DATASET CONTENT -
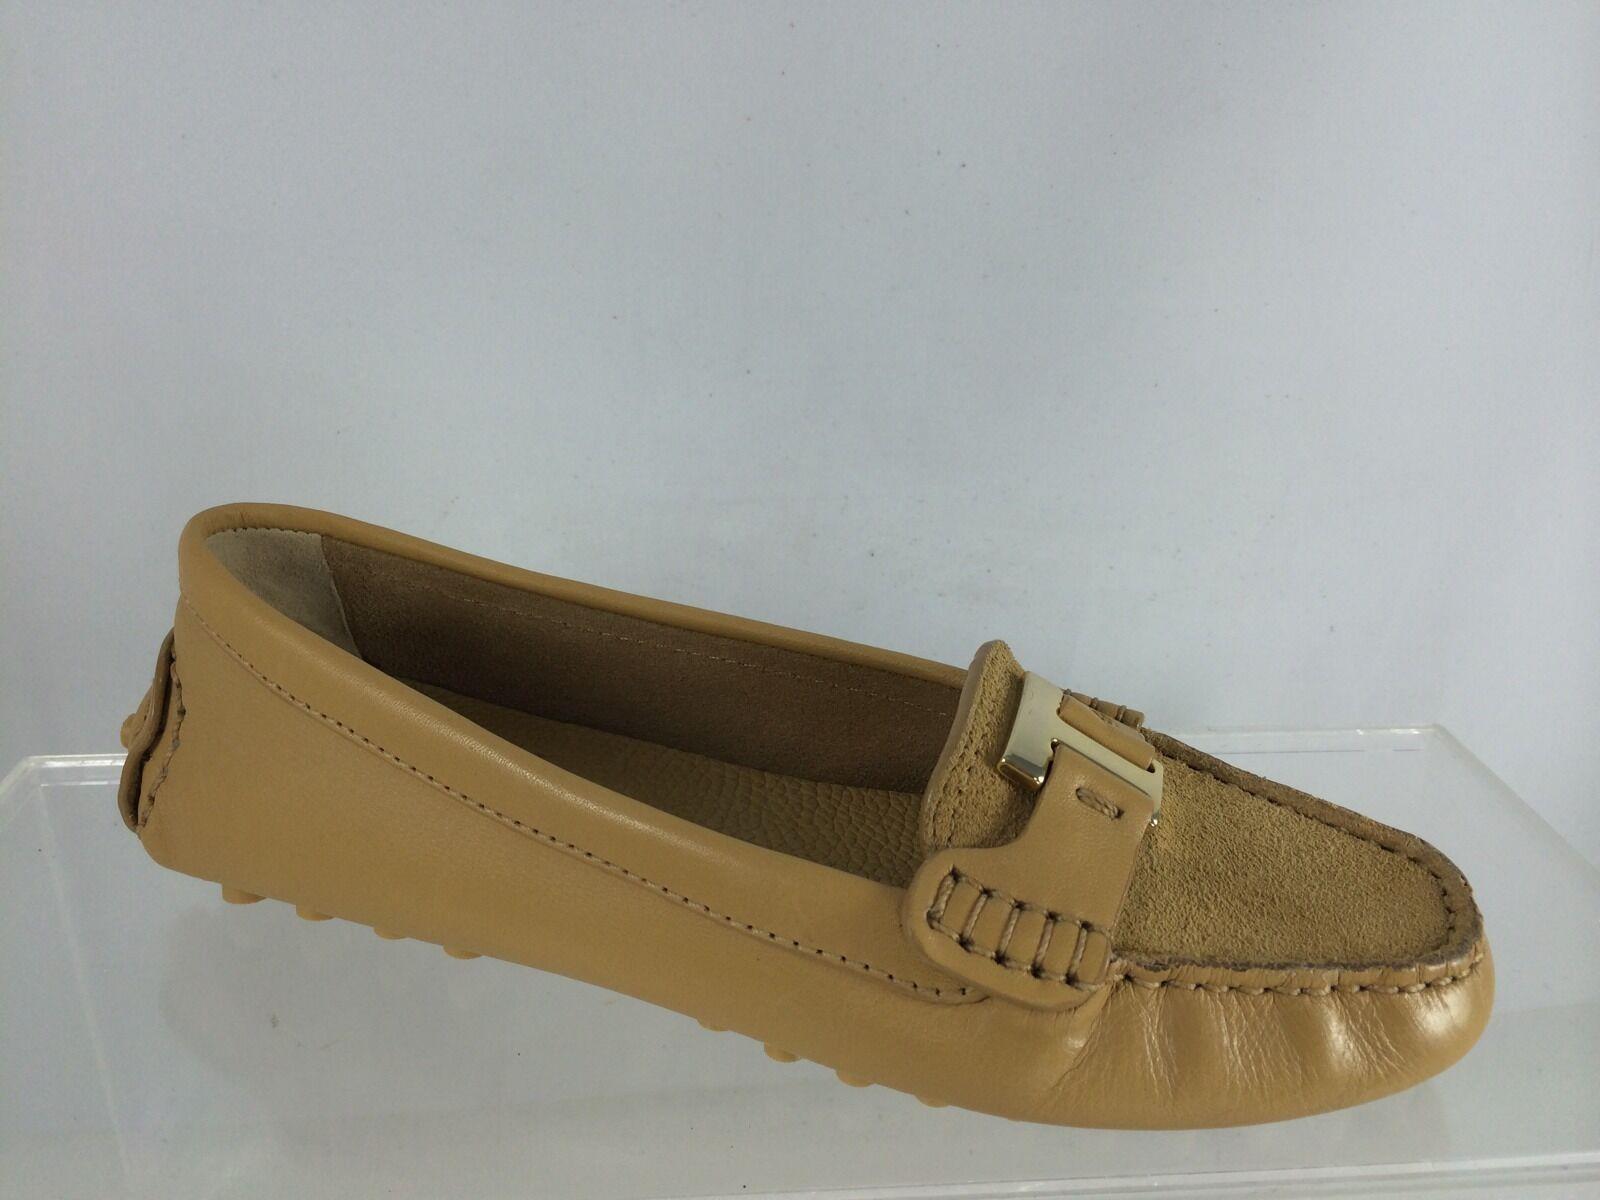 Tory Burch Chaussures femme en cuir beige avec logo logo logo doré Flats Chaussures 5.5 m a56205
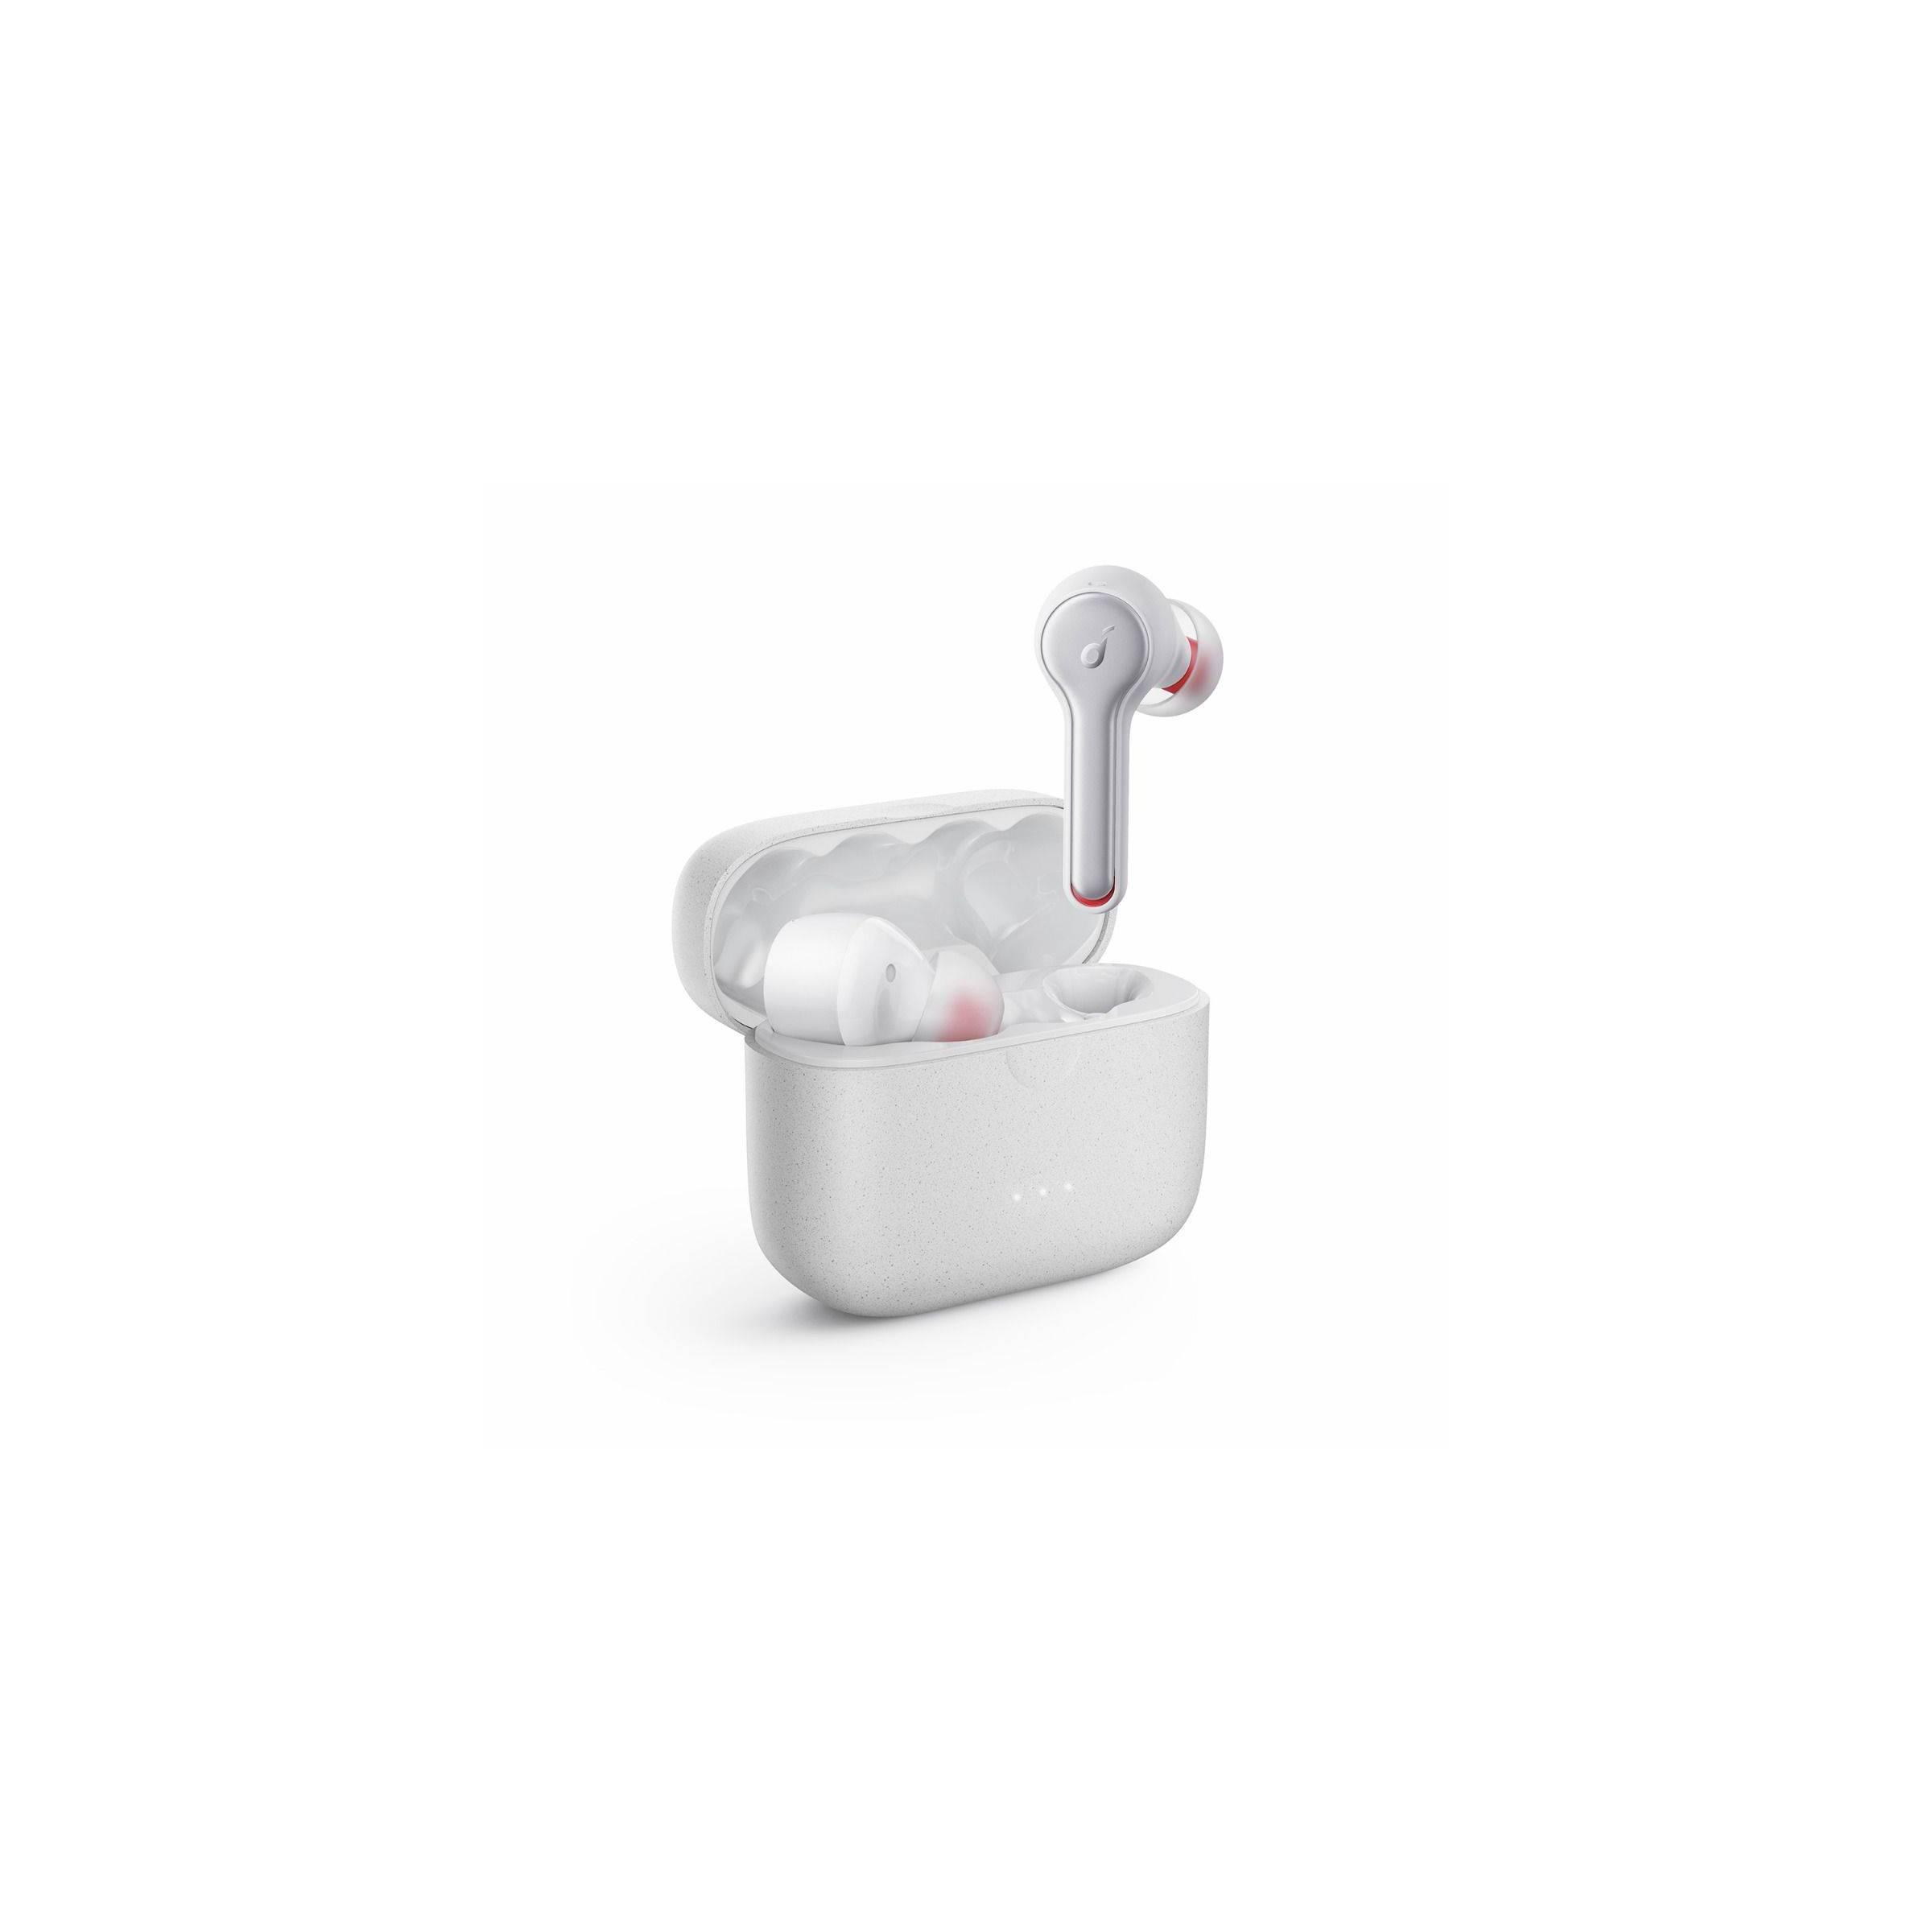 Anker soundcore liberty air 2 hvid/sort true wireless headset til iphone osv farve hvid fra anker på mackabler.dk
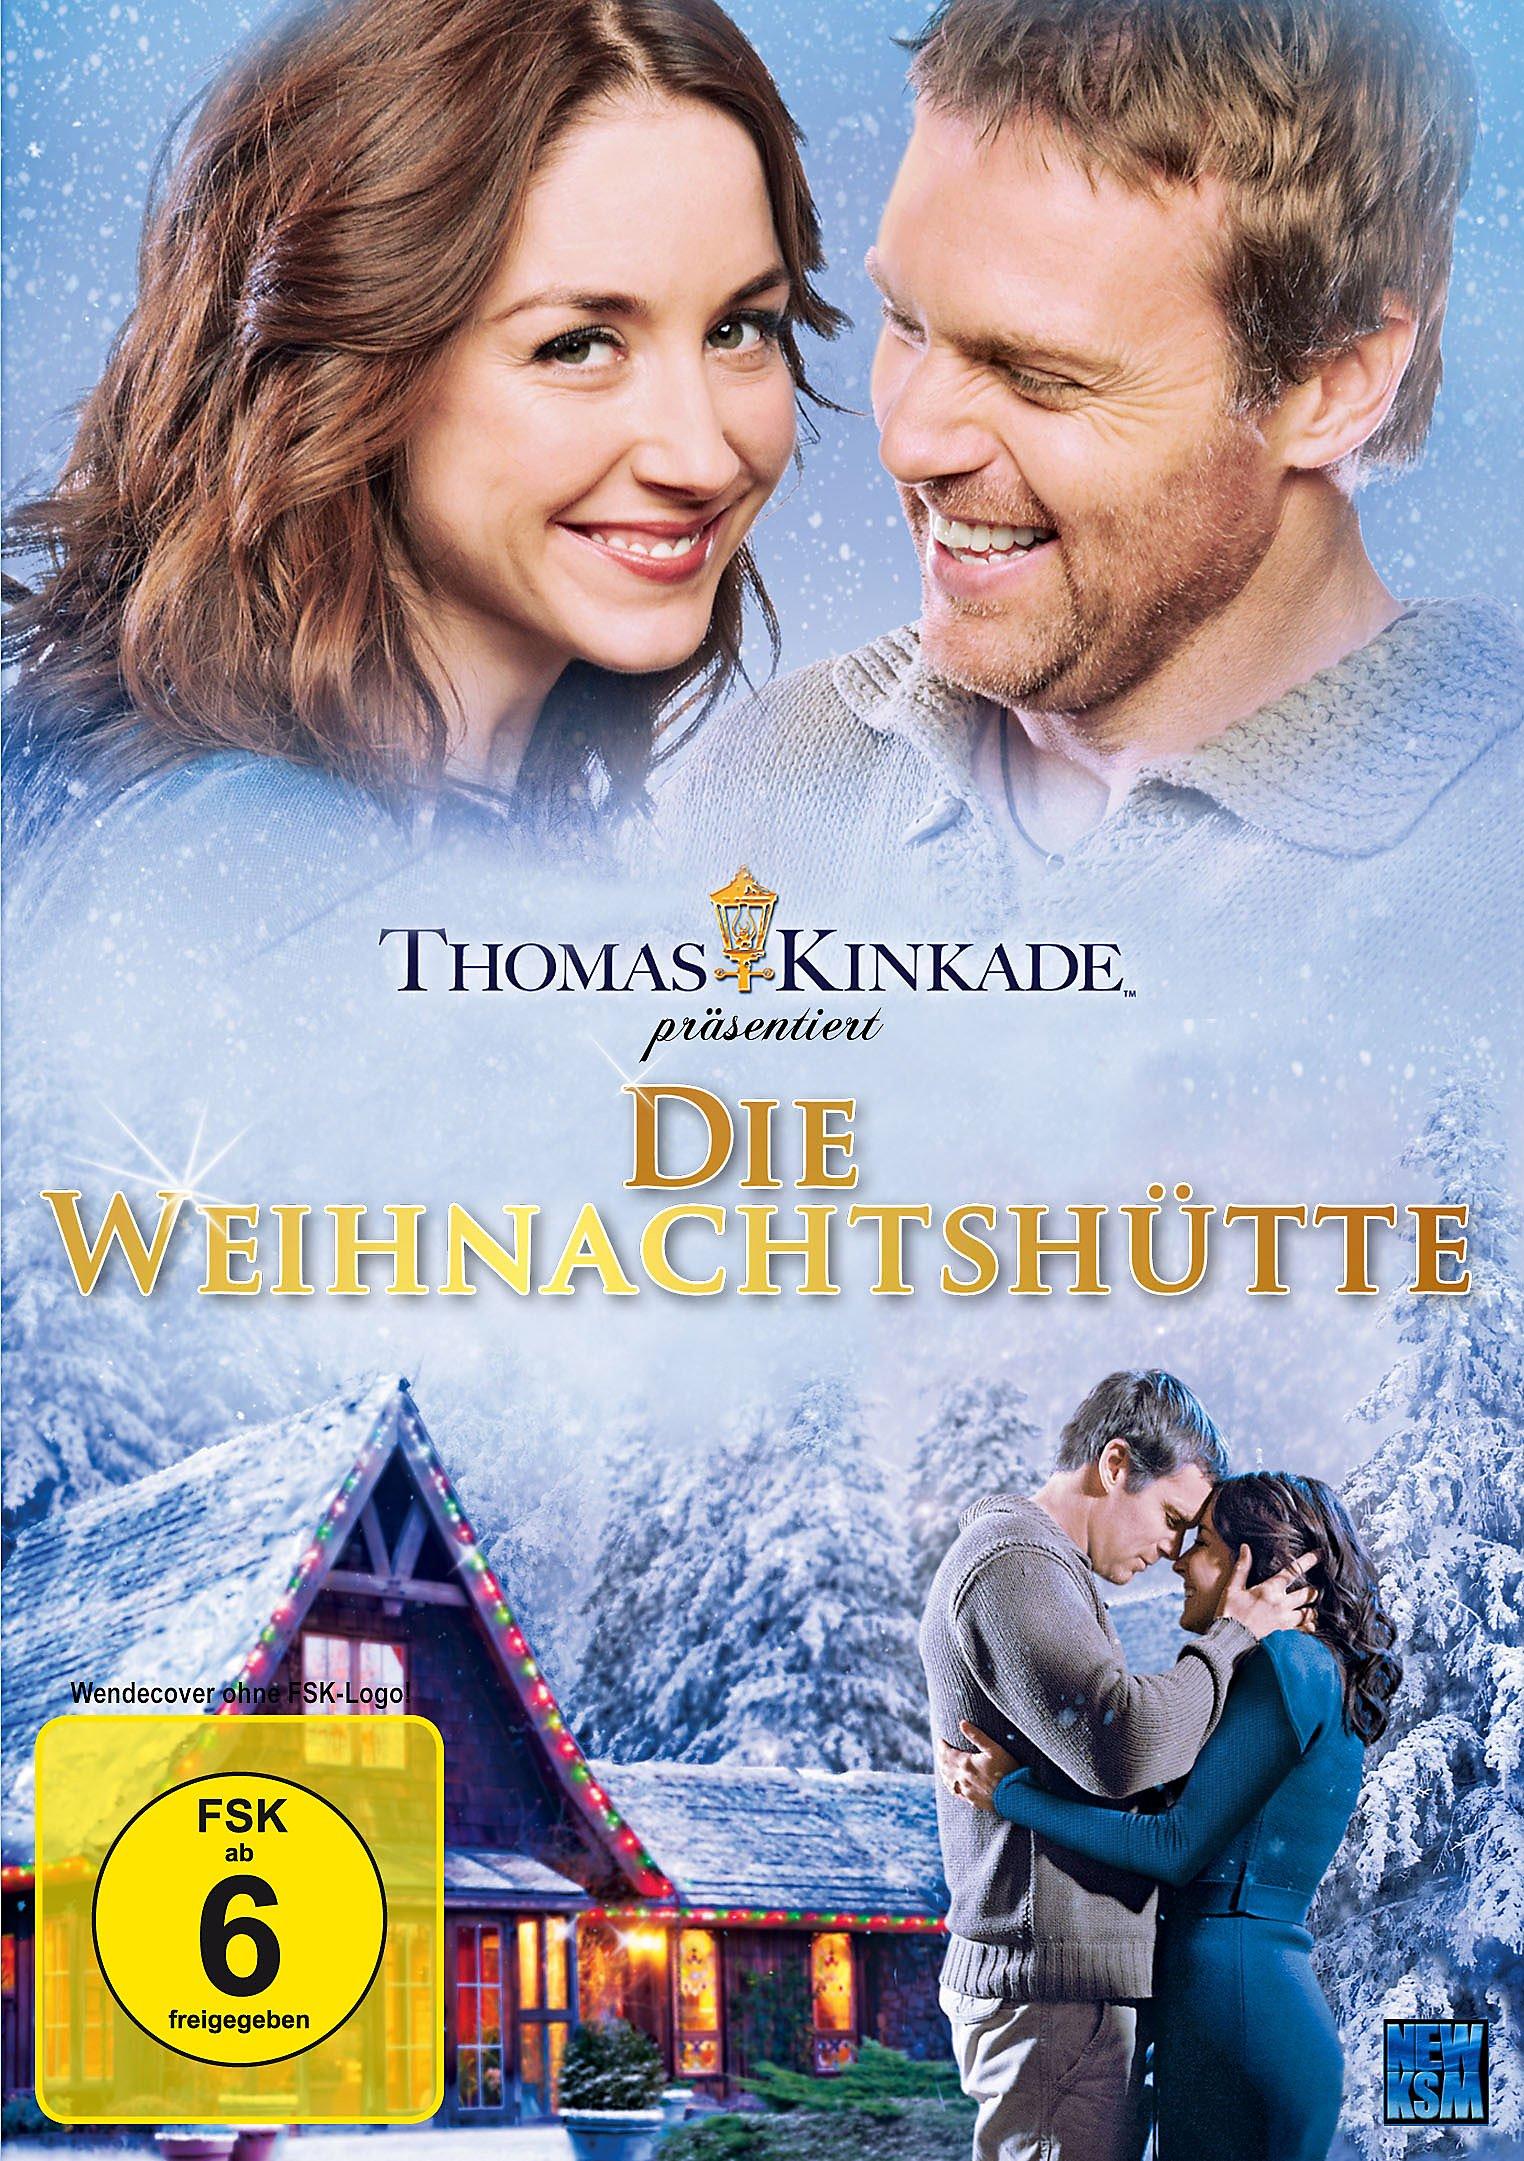 Die Weihnachtshütte DVD jetzt bei Weltbild.de online bestellen

YOUR ASSIGNMENT -
The lines from the one containing "Anker soundcore liberty" up to and including the last line of the material above are to be given again exactly; any pictures are dropped.

EXERCISE RESULT -
 Anker soundcore liberty air 2 hvid/sort true wireless headset til iphone osv farve hvid fra anker på mackabler.dk
 Die Weihnachtshütte DVD jetzt bei Weltbild.de online bestellen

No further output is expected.